= William Iveson Croome =

Ecclesiastical archaeologist

William Iveson Croome, CBE, FSA, MA (1891-1967) was an archaeologist. A man of strong faith, he devoted much of his time and expertise to the care and conservation of ecclesiastical buildings.

== Early life ==
Croome was born on 23 November 1891 in North Cerney, Gloucestershire to parents Thomas Lancelot Croome and Mary Stewart Croome. His baptism took place a month later on 21 December 1891. William's father had been Rector at the nearby parish of Rendcomb. The family lived at Cerney House, a residence that had come into the Croome family in 1814. The property was inherited by William Iveson Croome, at the time a young child, on the death of his father in 1895. The property was eventually sold in 1930.

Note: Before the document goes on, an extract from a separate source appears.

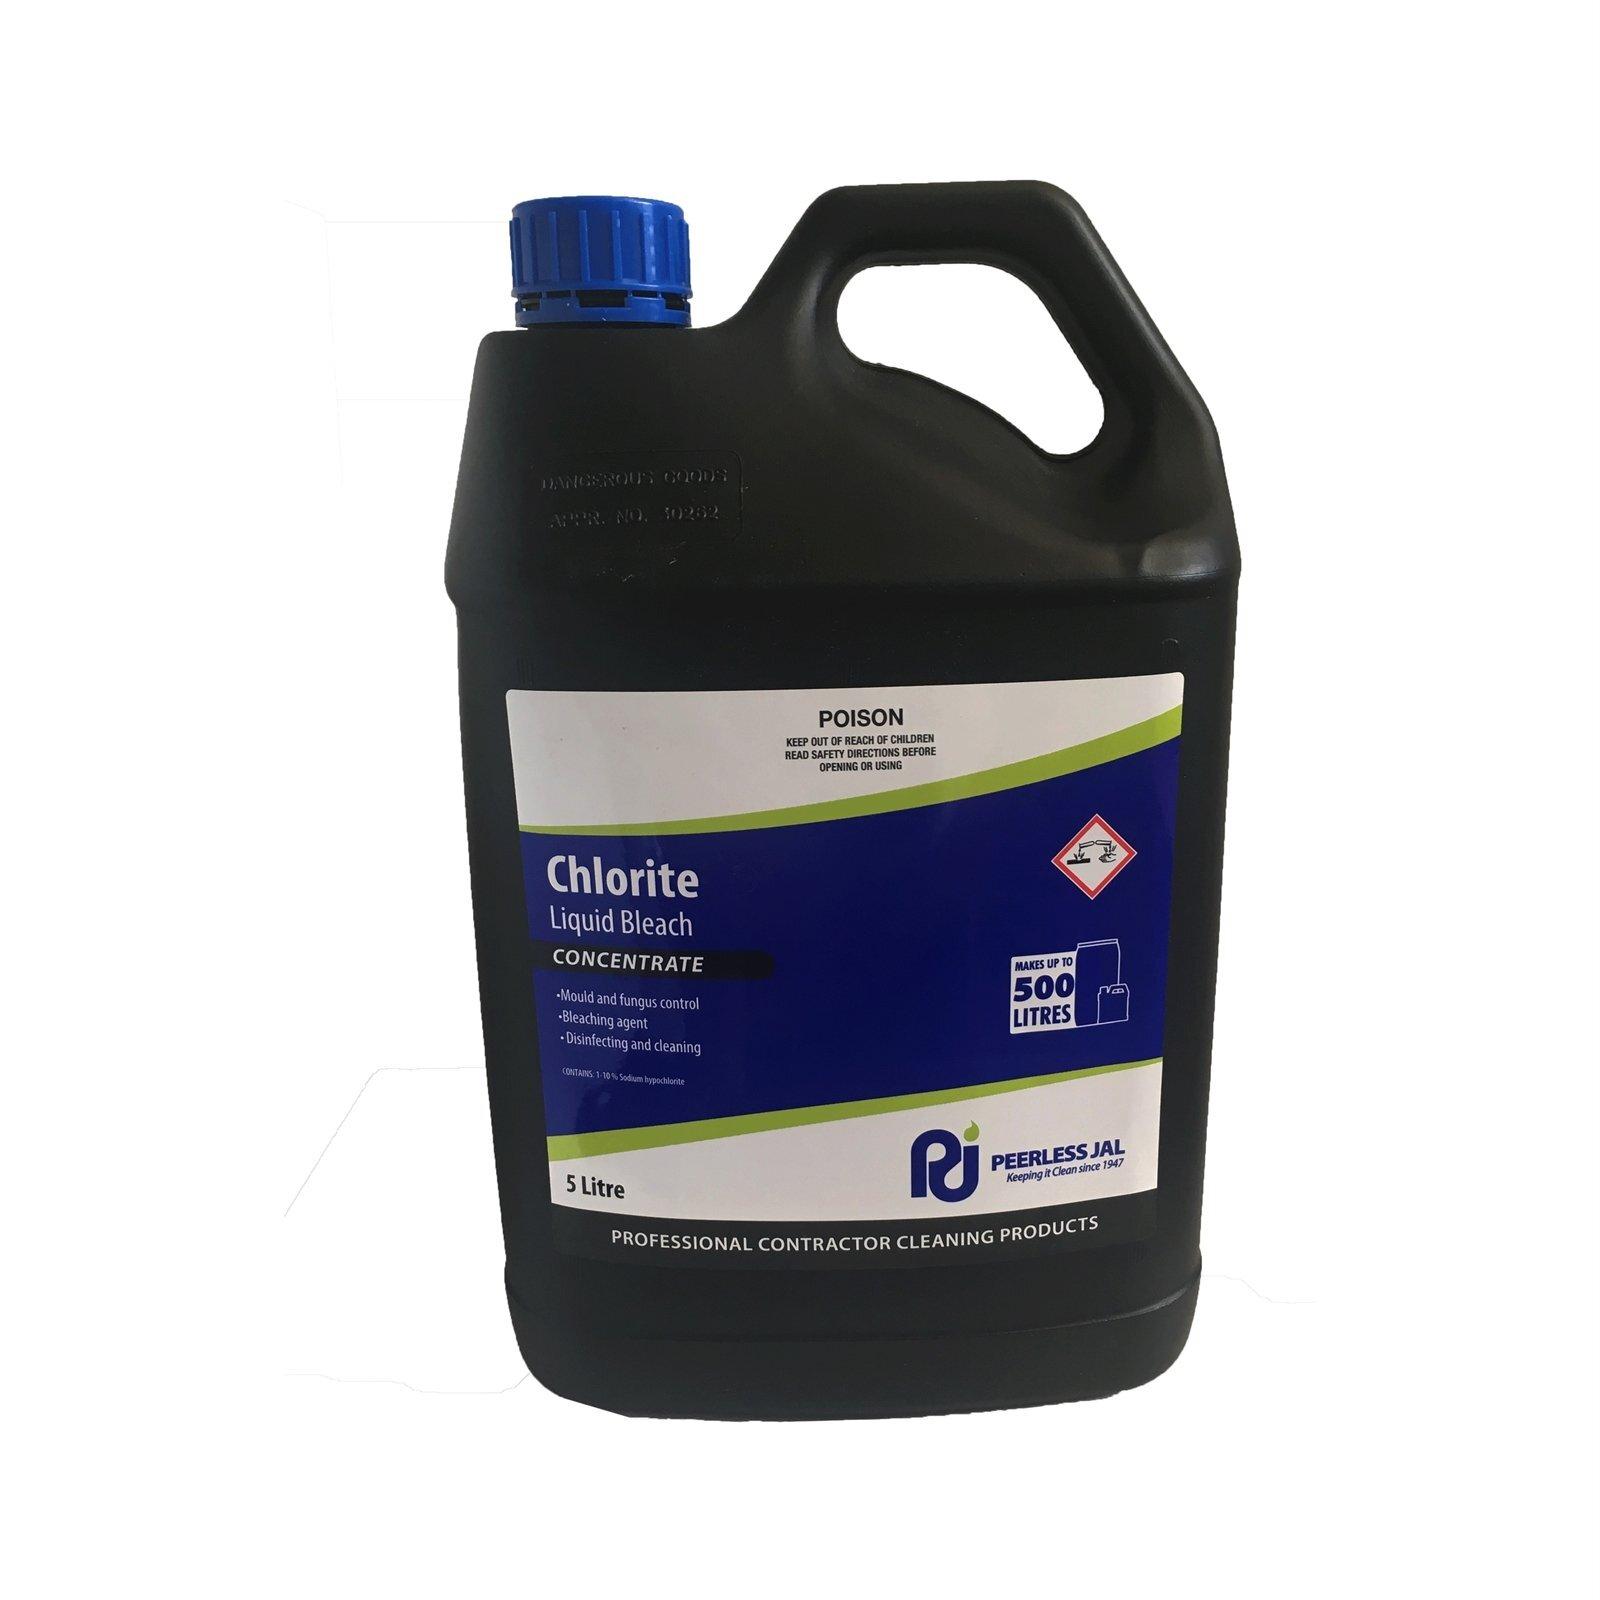 Peerless JAL 5L Chlorite Liquid Bleach

Croome served as Registrar of Wounded at the Second Southern General Hospital in the First World War. When the war ended Croome went to Oxford University, graduating with a Master of Arts.

== Work and interests ==
Croome trained as an archaeologist. He used his professional training and knowledge of ancient buildings to oversee the care of ecclesiastical buildings particularly in his home county of Gloucestershire. In his parish church, All Saints' at North Cerney, as well as holding the posts of churchwarden, altar server and sacristan, Croome took an active and professional interest in the maintenance of the church. Croome was a President of the Bristol and Gloucestershire Archaeological Society and was President of the Archaeological & Historical Society in Cirencester. The Croome Lectures, named in his honour, are an annual event in Cirencester and guest speakers have included Sir Nikolaus Pevsner and Sir Simon Jenkins.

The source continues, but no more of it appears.